Signed into law by President Joe Biden in March 2022, the Ending Forced Arbitration of Sexual Assault and Sexual Harassment Act of 2021 amended the Federal Arbitration Act (FAA) to effectively ban the pre-dispute arbitration of sexual harassment and sexual assault claims. Although this important legislative update has often been framed within the employment context, it is important for all employers, including those in the healthcare industry, to note that the sweeping ban on sexual assault and sexual harassment arbitration agreements does not appear to be limited to claims arising solely within the workplace.

The new law’s broad definition of the term “pre-dispute arbitration agreement” as “any agreement to arbitrate a dispute that had not yet arisen at the time of the making of the agreement” does not explicitly exclude agreements outside of employment agreements. Additionally, the law’s definitions of the terms “sexual assault dispute” and “sexual harassment dispute” do not explicitly limit conceivable claims to the workplace.

Importantly, many states have civil statutory frameworks outlawing sexual harassment/assault that provide for a cause of action for sexual harassment/sexual assault outside of the employment context (such as the public accommodation provisions in the New Jersey Law Against Discrimination – NJLAD). Employers should therefore closely consider how the new law might also affect arbitration agreements with customers, clients, and/or patients that limit premises liability.  Insurance rates could also be impacted, as the cost of defending these claims in state court are often much higher than through arbitration.

Since the passage of the first amendment to the FAA, the House has passed a second bill amending the FAA that would extend the ban on pre-dispute arbitration agreements to future employment, consumer, antitrust, and civil rights claims. Notably, this second proposed amendment defines “employment” and “civil rights” claims broadly enough to include the full panoply of federal and state employment discrimination/civil rights claims, and explicitly includes claims arising from alleged discrimination in – among other places – “public accommodations and facilities” and “healthcare.”
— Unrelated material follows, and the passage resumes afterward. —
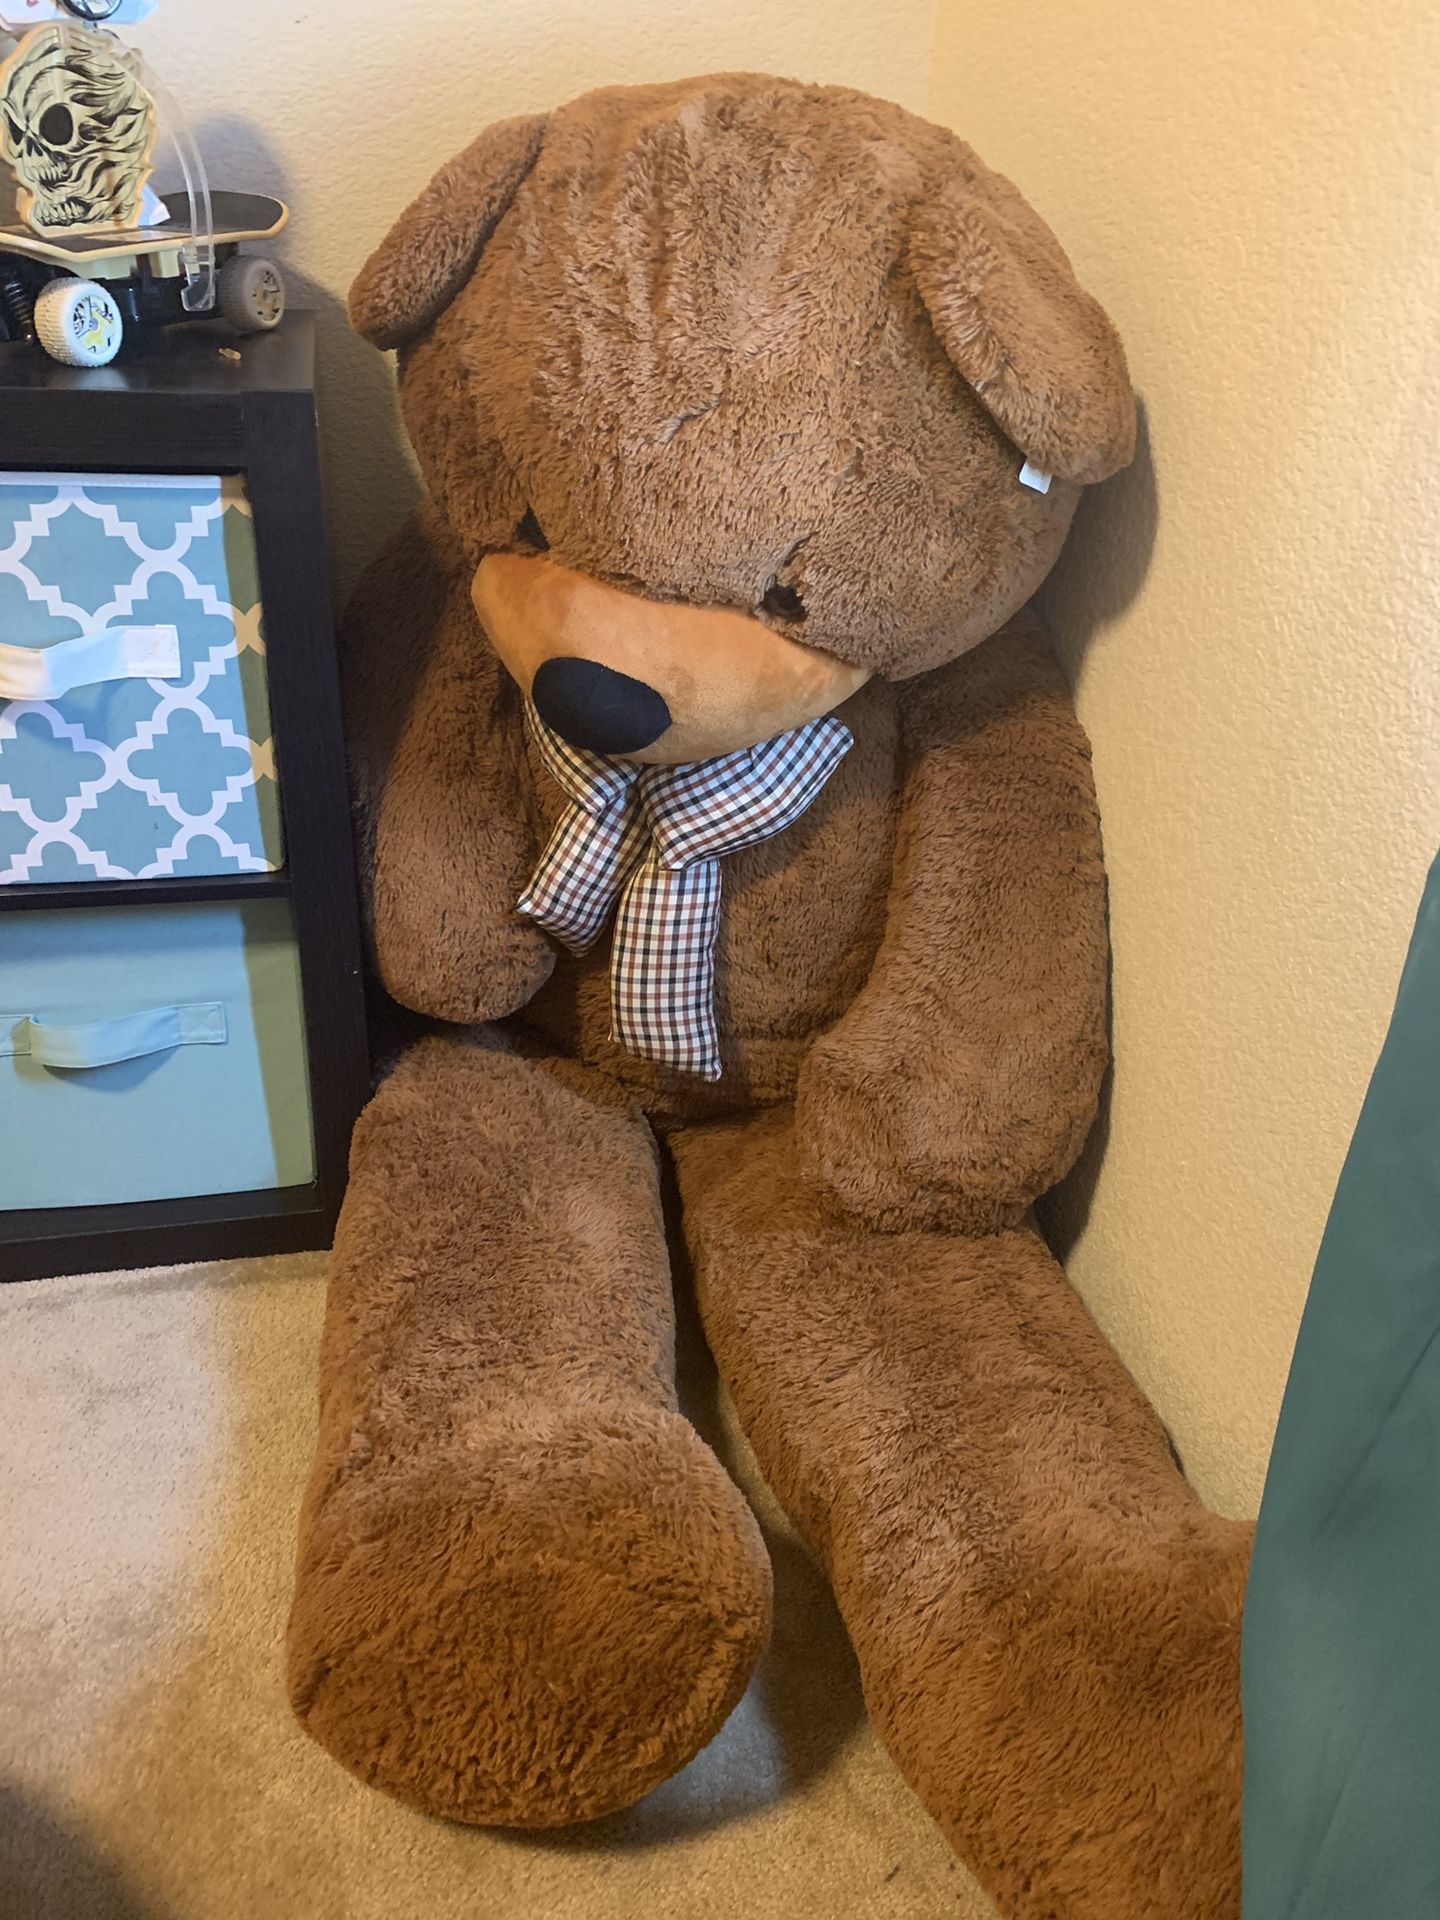 Huuuuuuuge stuffed Teddy Bear

Although the first FAA amendment passed mostly along party lines with limited bipartisan support, the pending second amendment is expected to garner far more contention and debate in the Senate along the usual party lines. As of now, it appears that the second amendment may narrowly pass in the Senate if Democrats can maintain their partisan coalition that led to passage of the first amendment. However, this outcome assumes that the vote takes place before the mid-term elections in November 2022, which remains uncertain. Regardless, the recent changes to the FAA and the potential future changes should be closely reviewed by healthcare providers.